The data below holds a line containing "酸素 長時間予防 ProFresh" and a line containing "Cote d'Ivoire orphans2.png"; please quote exactly those two lines and every line between them, and nothing else.

■ Records for this task:
# # # # # # #

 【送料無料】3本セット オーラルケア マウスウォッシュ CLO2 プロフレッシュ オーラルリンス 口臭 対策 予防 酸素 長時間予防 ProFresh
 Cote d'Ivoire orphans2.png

# # # # # # #

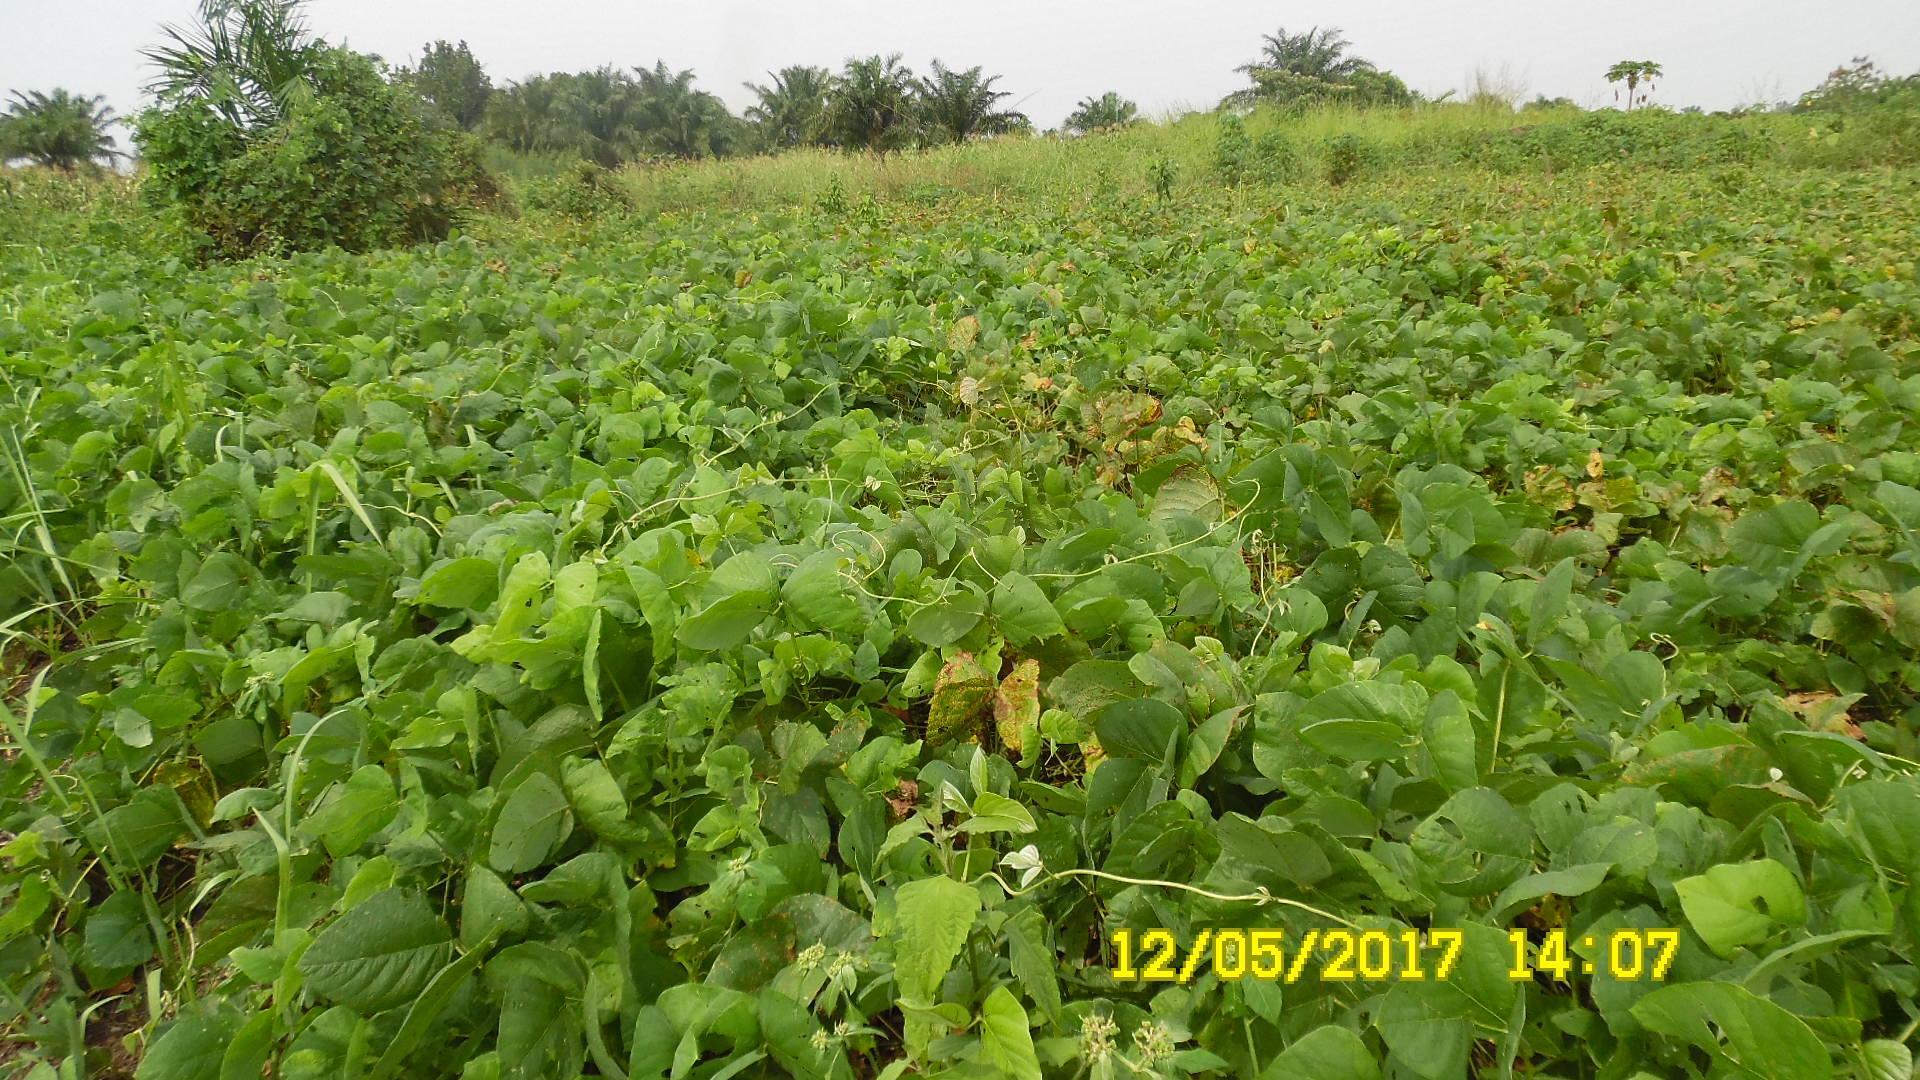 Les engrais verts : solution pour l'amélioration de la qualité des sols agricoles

# # # # # # #

■ Response area:
 【送料無料】3本セット オーラルケア マウスウォッシュ CLO2 プロフレッシュ オーラルリンス 口臭 対策 予防 酸素 長時間予防 ProFresh
 Cote d'Ivoire orphans2.png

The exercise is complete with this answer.